WILL MARK BRAINLIEST IF YOU GET THE CORRECT ANSWER

A simple random sample of 15-year old boys from one city is obtained and their weights (in pounds) are listed below. Use a 0.01 significance level to test the claim that these sample weights come from a population with a mean equal to 148 lb. Assume that the standard deviation of the weights of all 15-year old boys in the city is known to be 16.1 lb. Use the traditional method of testing hypotheses.


149 141 160 151 134 189 157 144 175 127 164


Choose the correct conclusion associated with this experiment.

I am pretty sure it is either B or C but I am torn on which one to choose so that is why I am only going to include two answer choices...

Edit: I think I figured it out on my own, I am going to go with B, I am pretty sure that is the correct answer

B) Do not reject H0; at the 1% significance level, there is not sufficient evidence to warrant rejection of the claim that these sample weights come from a population with a mean equal to 148 lb.

C) Do not reject H0; At the 1% significance level there is sufficient evidence to warrant rejection of the claim that these sample weights come from a population with a mean greater than 148 lb.

Respuesta :

Answer: I'm pretty sure this is correct

Step-by-step explanation:

What you are testing is a distribution of means, because you have a sample of eleven individuals (N=11), a population mean, and the population variance. Basically, the problem is asking: what is the likelihood that the sample mean (153.45 lbs) could have been obtained from a population where (M=149) if the null hypothesis is true?

p1: 15 year old boys with a mean weight of 153.45 lbs from City "Unknown".

p2: 15 year old boys with a mean weight of 149.00 lbs from the population.

H1: The sample of boys from City "Unknown" was not drawn from a population where the average weight of 15 year old boys = 149lbs.

H0: The sample of boys from City "Unknown" was drawn from a population where the average weight of 15 year old boys = 149lbs.

Mean = 149 [μM = μ = 149]

Variance = 16.2squared/11 = 262.44/11 = 23.86 [σM2 = σ2/N]

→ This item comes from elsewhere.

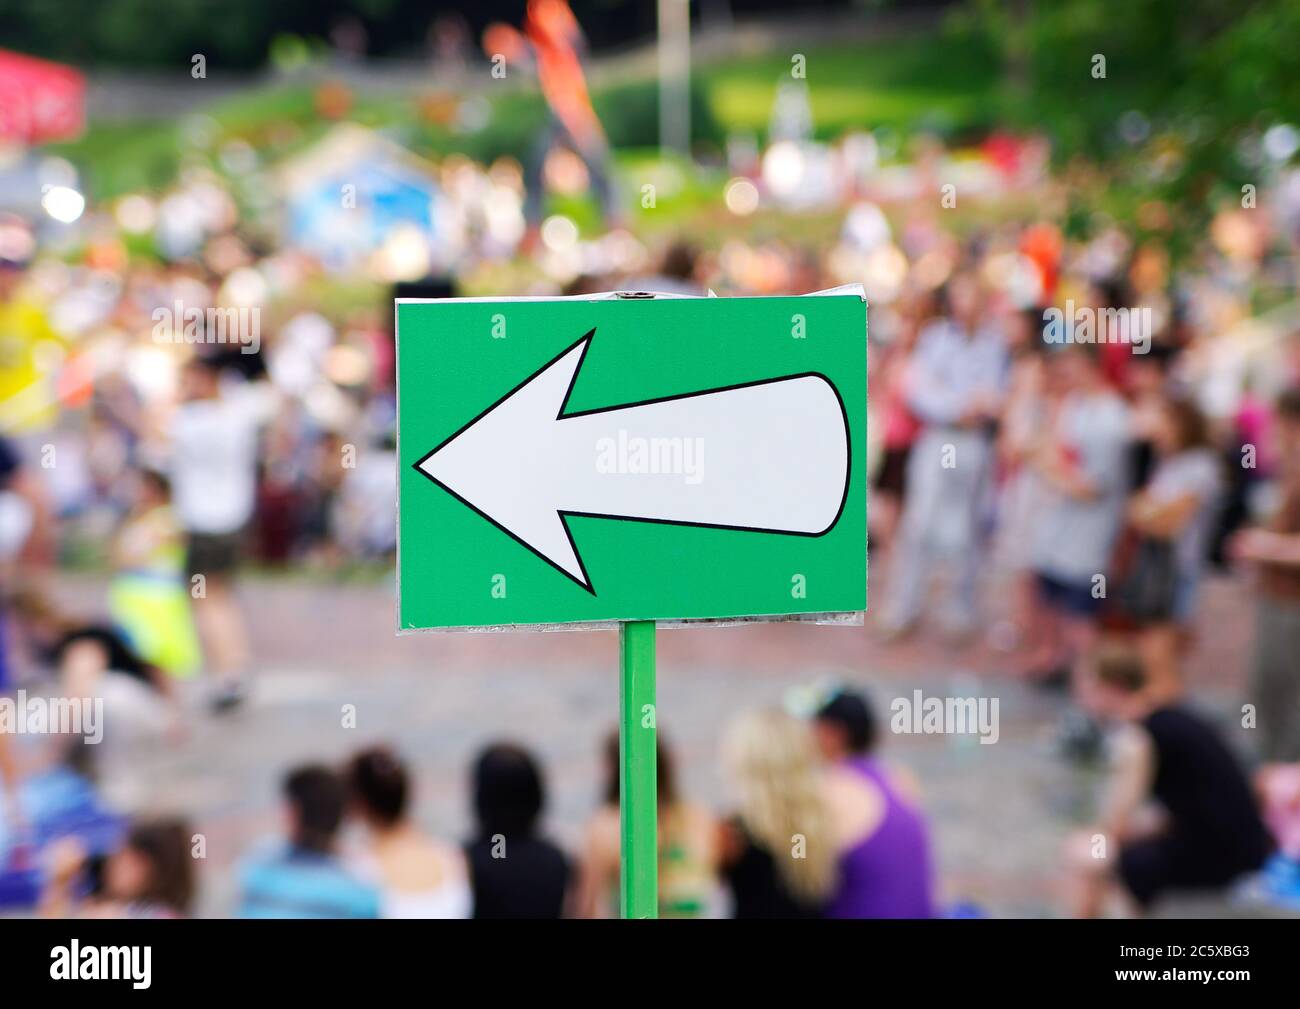 Clear white arrow direction sign against blurred crowd Stock Photo

Standard Deviation = 4.88 [σM = √σM2 = √(σ2/N)]

Shape = normal

Using .01 level of significance for a two-tailed test, the cutoff sample score is +/- 2.575

Z = (M-µ) / σM = (153.45 - 149) / 4.88 = .91

.91 < 2.575

σM or the Standard Error of the Mean is 4.88 so...

for 99% confidence interval,

lower limit = 153.45 + (-2.575)(4.88) = 140.88

upper limit = 153.45 + (2.575)(4.88) = 166.02

the 99% confidence interval = 140.88 — 166.02 (lbs)

the population mean (µ=149.00) is included in the interval, which confirms results of Z test.

Conclusion: retain null, there is <.01 probability that the sample from City "Unknown" was drawn from a population where the mean weight is NOT = 149.00lbs.